═════ Raw data

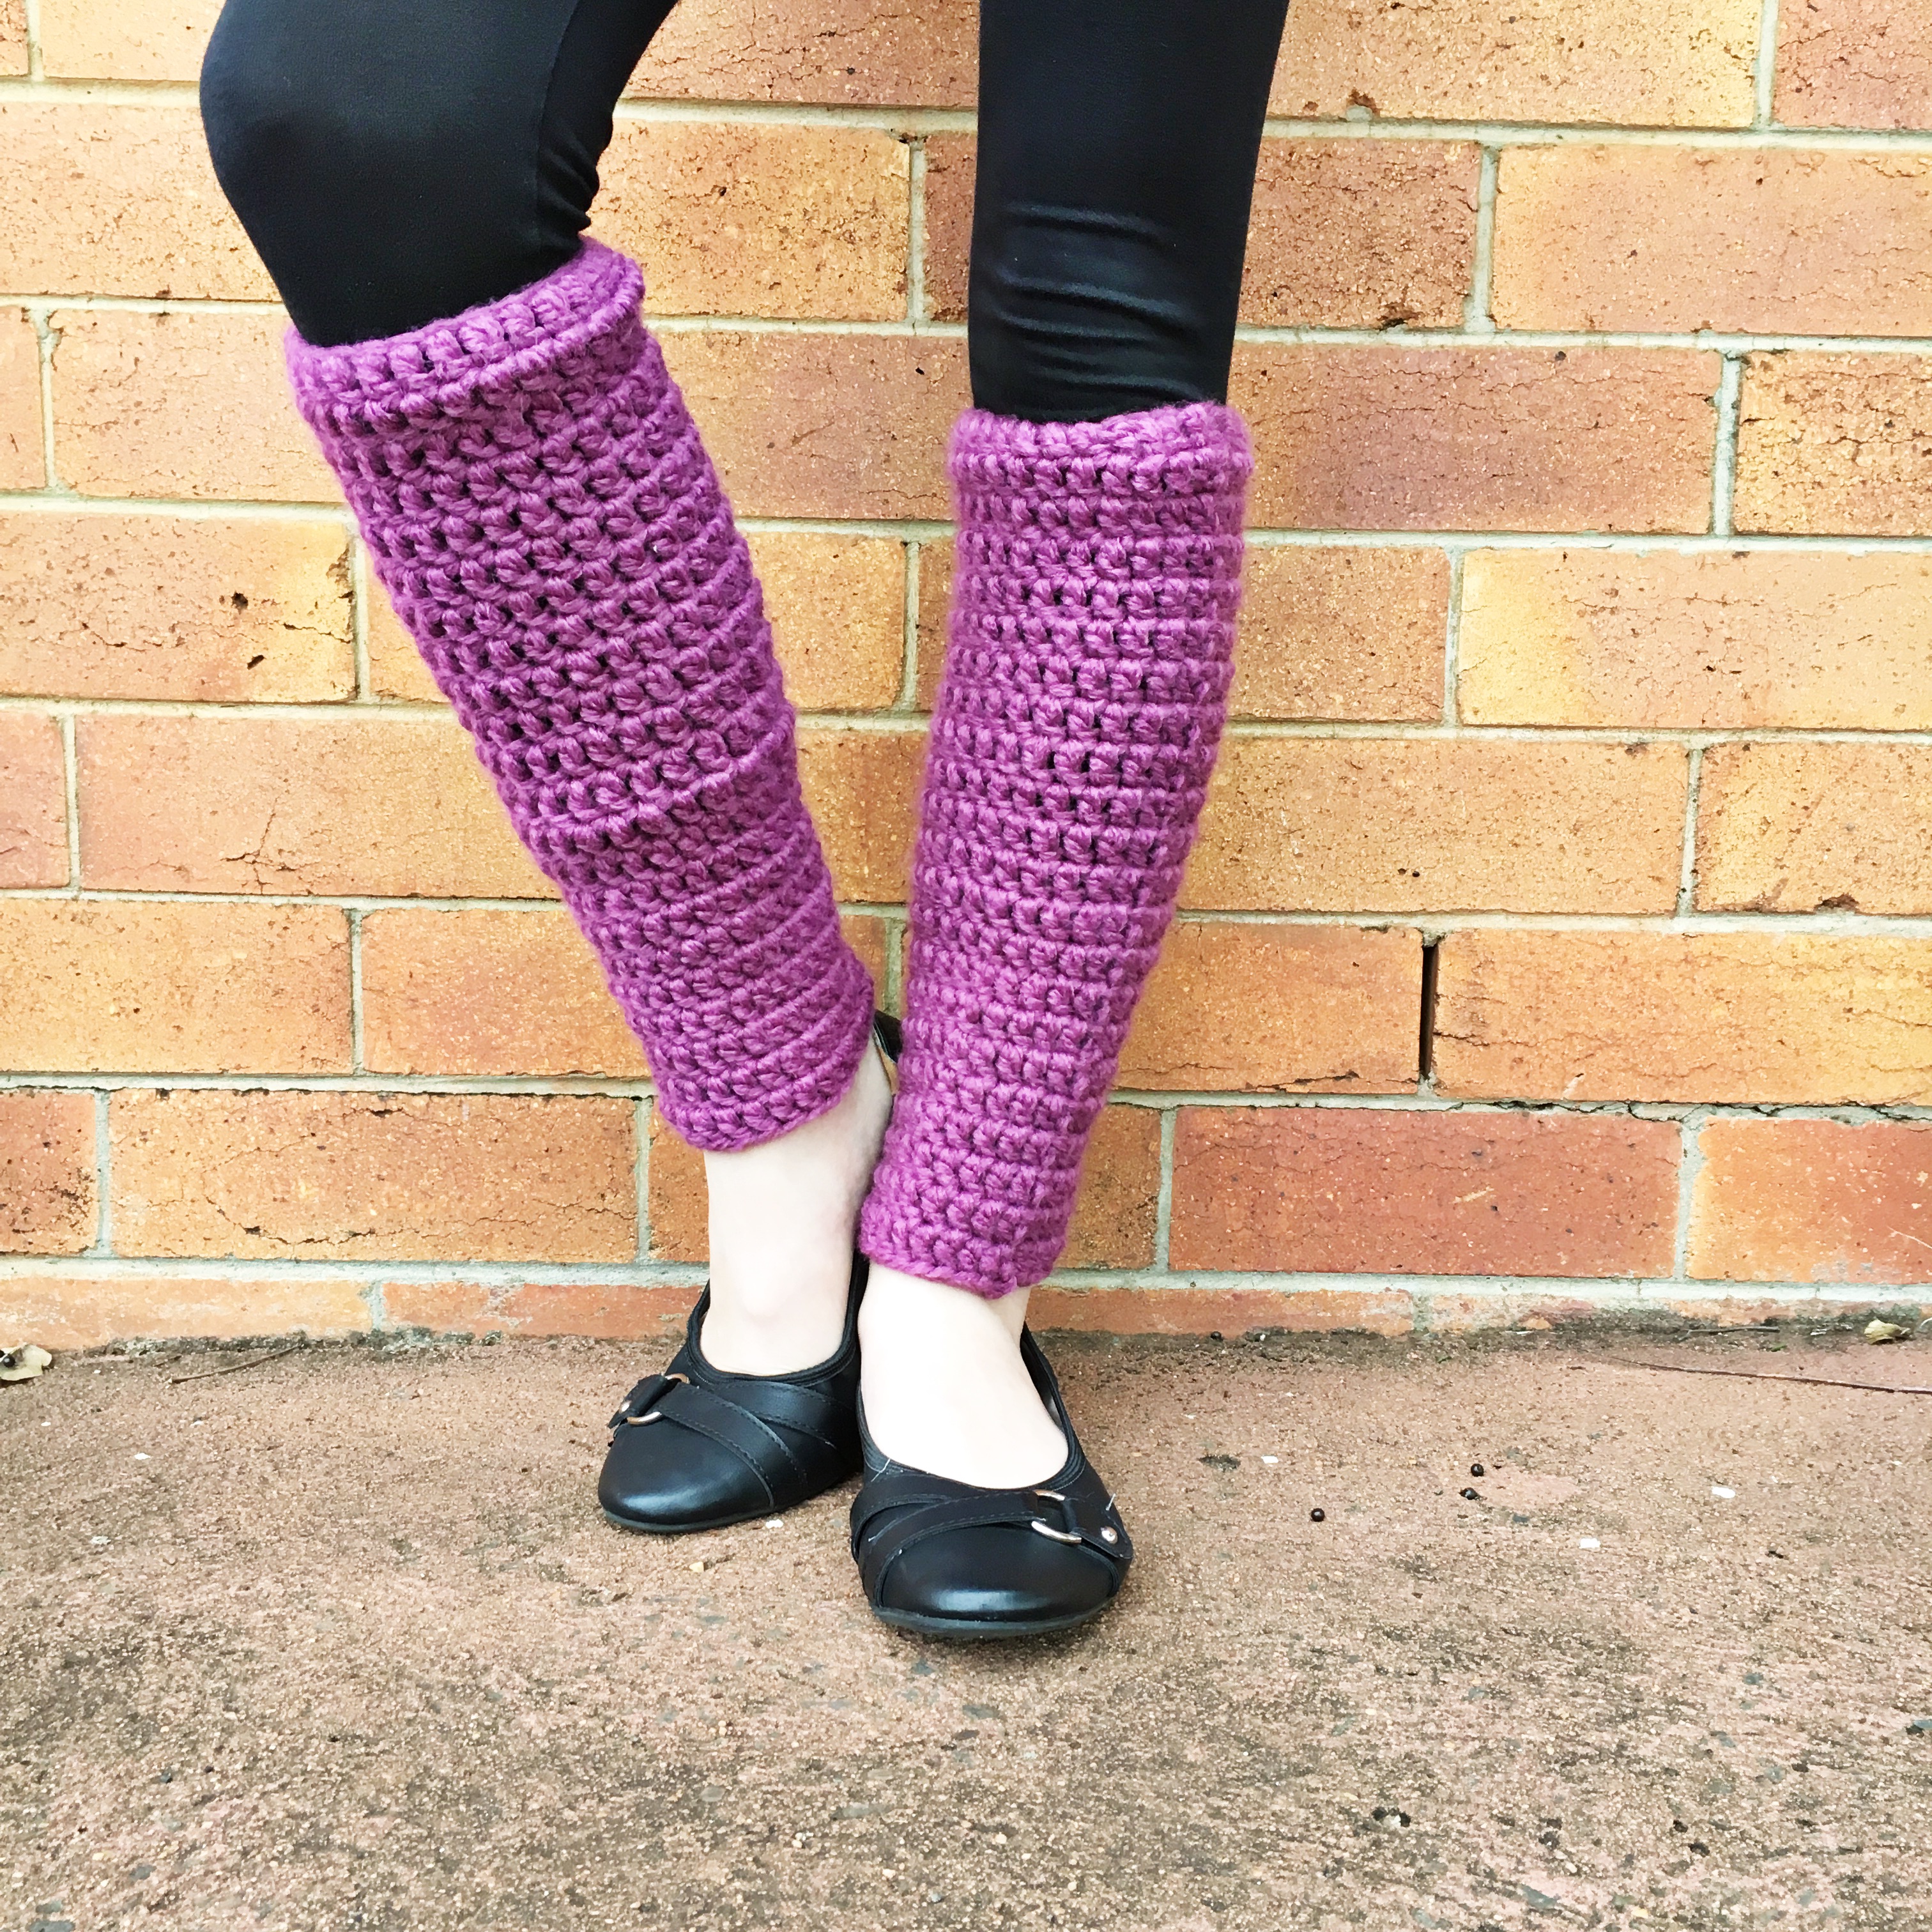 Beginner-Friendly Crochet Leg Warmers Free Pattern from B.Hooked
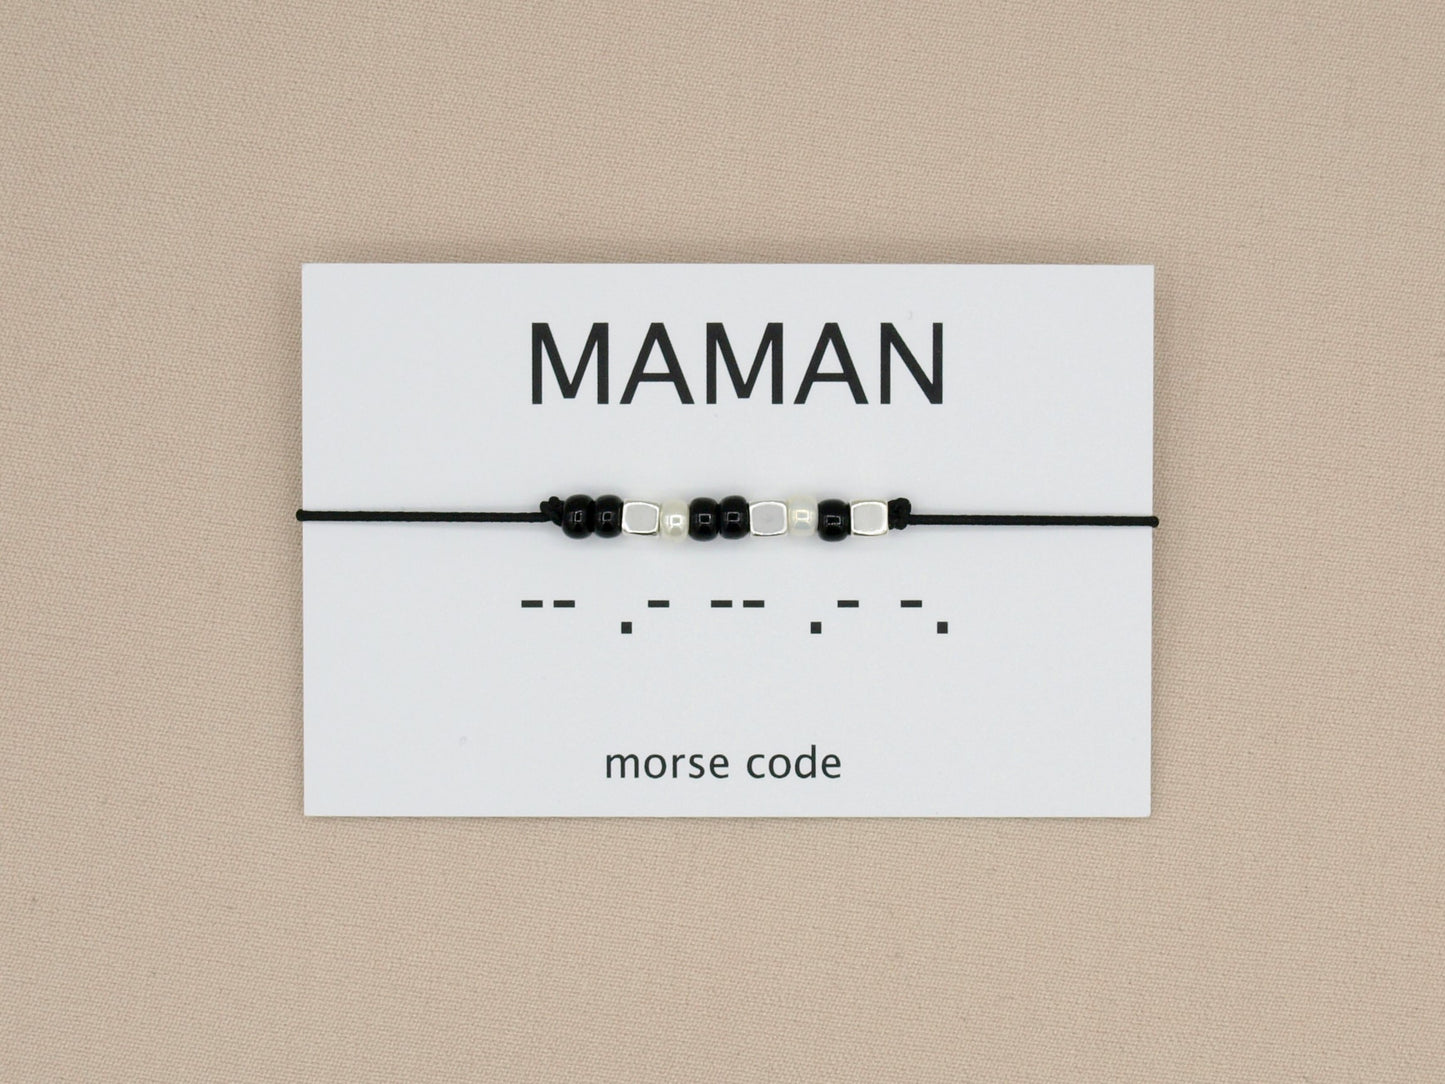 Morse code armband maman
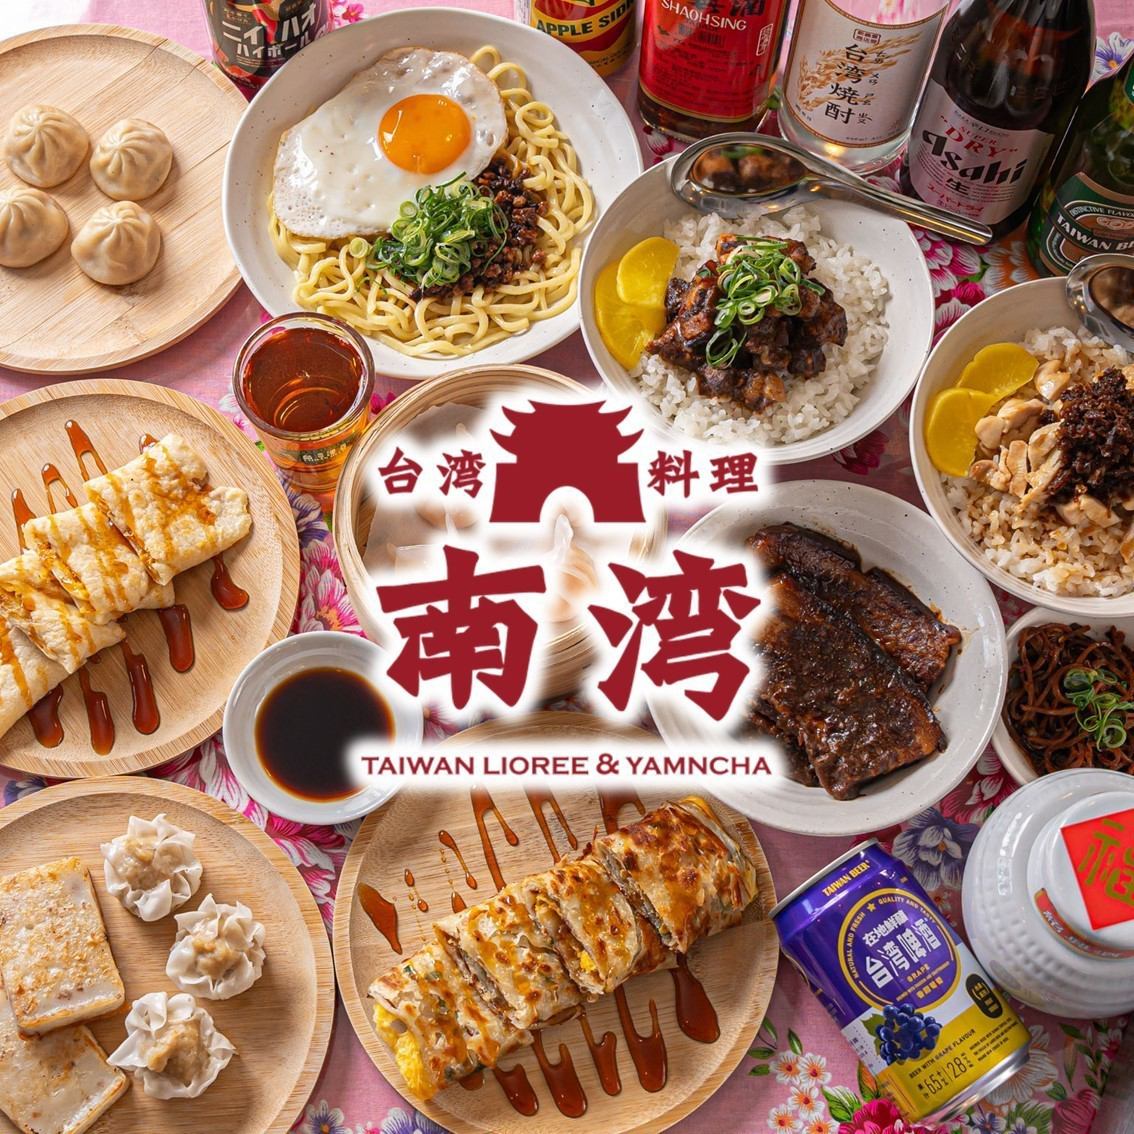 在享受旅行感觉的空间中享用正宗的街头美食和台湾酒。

══════════

What you have to do: Word for word, restate all of the material above except its pictures.

Task response:
 Beginner-Friendly Crochet Leg Warmers Free Pattern from B.Hooked
 Morse code armband maman
 在享受旅行感觉的空间中享用正宗的街头美食和台湾酒。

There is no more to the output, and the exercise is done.